Using a standard power-law function with an exponential high-energy cutoff [3] to model the emission over this duration results in a photon index dN/dE~E^x of x=1.9 and a cutoff energy ("Epeak") of 176 keV. The modeled 10-10000 keV fluence is 2.0e-06 erg/cm^2.
The analysis results presented here are preliminary and use a response function that lacks a detailed characterization of the surrounding passive structure of the ISS.
Glowbug is a NASA-funded technology demonstrator for sensitive, low-cost gamma-ray transient telescopes developed, built, and operated by the U.S. Naval Research Laboratory (NRL) with support from the University of Alabama in Huntsville, USRA, and NASA MSFC. It was launched on 2023 March 15 aboard the Department of Defense Space Test Program’s STP-H9 to the ISS. The detector comprises 12 large-area (15 cm x 15 cm) CsI:Tl panels covering the surface of a half cube, and two hexagonal (5-cm diameter, 10-cm length) CLLB scintillators, giving it a large field of view (instantaneous FoV ~2/3 sky) over a wide energy band of 50 keV to >2 MeV.
[1] Grove, J.E. et al. 2020, Proc. Yamada Conf.

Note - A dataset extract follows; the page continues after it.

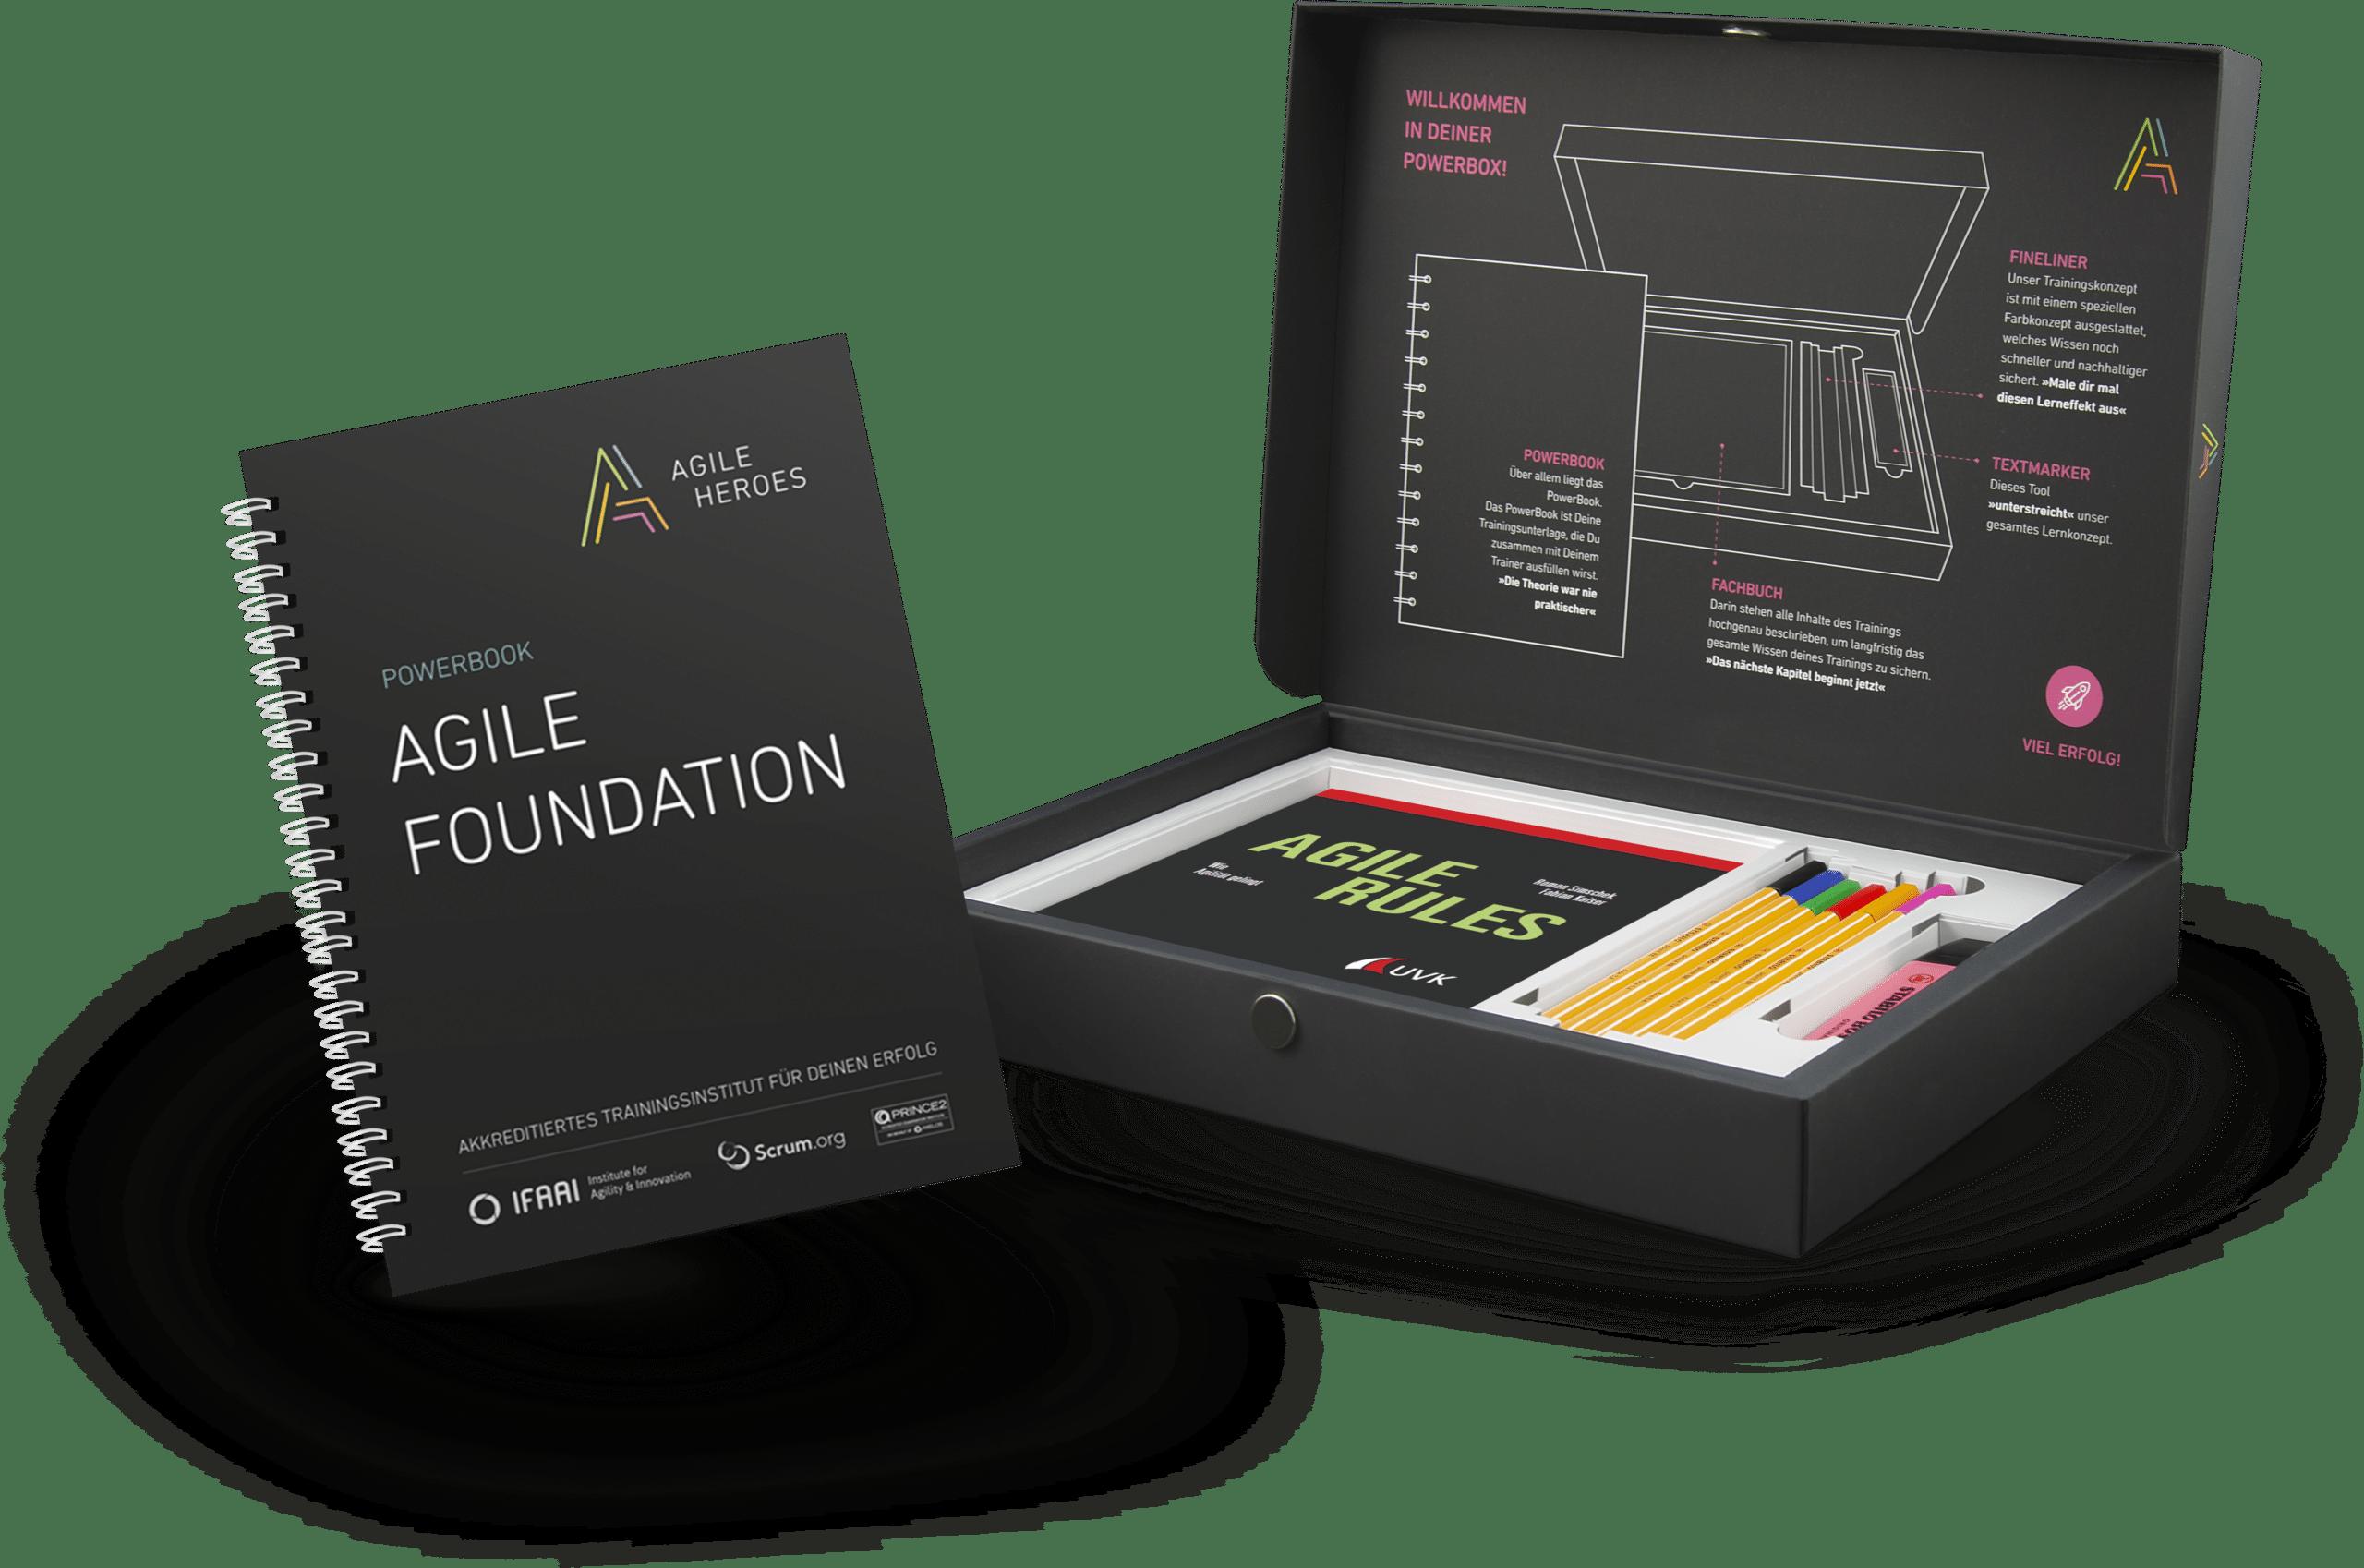 Agile Foundation Powerbox

LXXI, arXiv:2009.11959
[2] Woolf, R.S. et al. 2022, Proc. SPIE, 12181, id. 121811O
[3] Goldstein, A. et al. 2020, ApJ 895, 40, arXiv :1909.03006
Distribution Statement A: Approved for public release. Distribution is unlimited.
GCN Circular 35723
Subject
GRB 240128A: Further Swift-XRT observations
Date
2024-02-14T07:52:22Z (a year ago)
From
Paolo D'Avanzo at INAF-OAB <pda.davanzo@gmail.com>
Via
legacy email
P. D'Avanzo (INAF-OAB), K.L. Page (U. Leicester) and P.A. Evans (U. Leicester) reports on behalf of the Swift-XRT team:
Swift-XRT has performed further follow-up observations of the MAXI-detected burst GRB 240128A (Yamaoka et al., GCN Circ. 35646;
Yoshida et al., GCN Circ. 35647; Dafcikova et al., GCN Circ. 35649; Cheung et al., GCN Circ. 35651). The data were collected between T0+553.6 ks and T0+1237.1 ks, and are entirely in Photon Counting (PC) mode for a total exposure time of 8.0 ks.
The uncatalogued X-ray source reported by Perri et al. ("Source 1"; GCN Circ. 35650), is still detected at an average count rate of
~ 4e-2 ct/s and shows no definitive signs of fading. Therefore, we conclude that it is likely a field source unrelated with the GRB.
The results of the XRT-team automatic analysis of the XRT observations for this GRB, including a position-specific upper limit calculator,
are available at https://www.swift.ac.uk/xrt_products/TILED_GRB00120 <https://www.swift.ac.uk/xrt_products/TILED_GRB00120>.
This circular is an official product of the Swift-XRT team.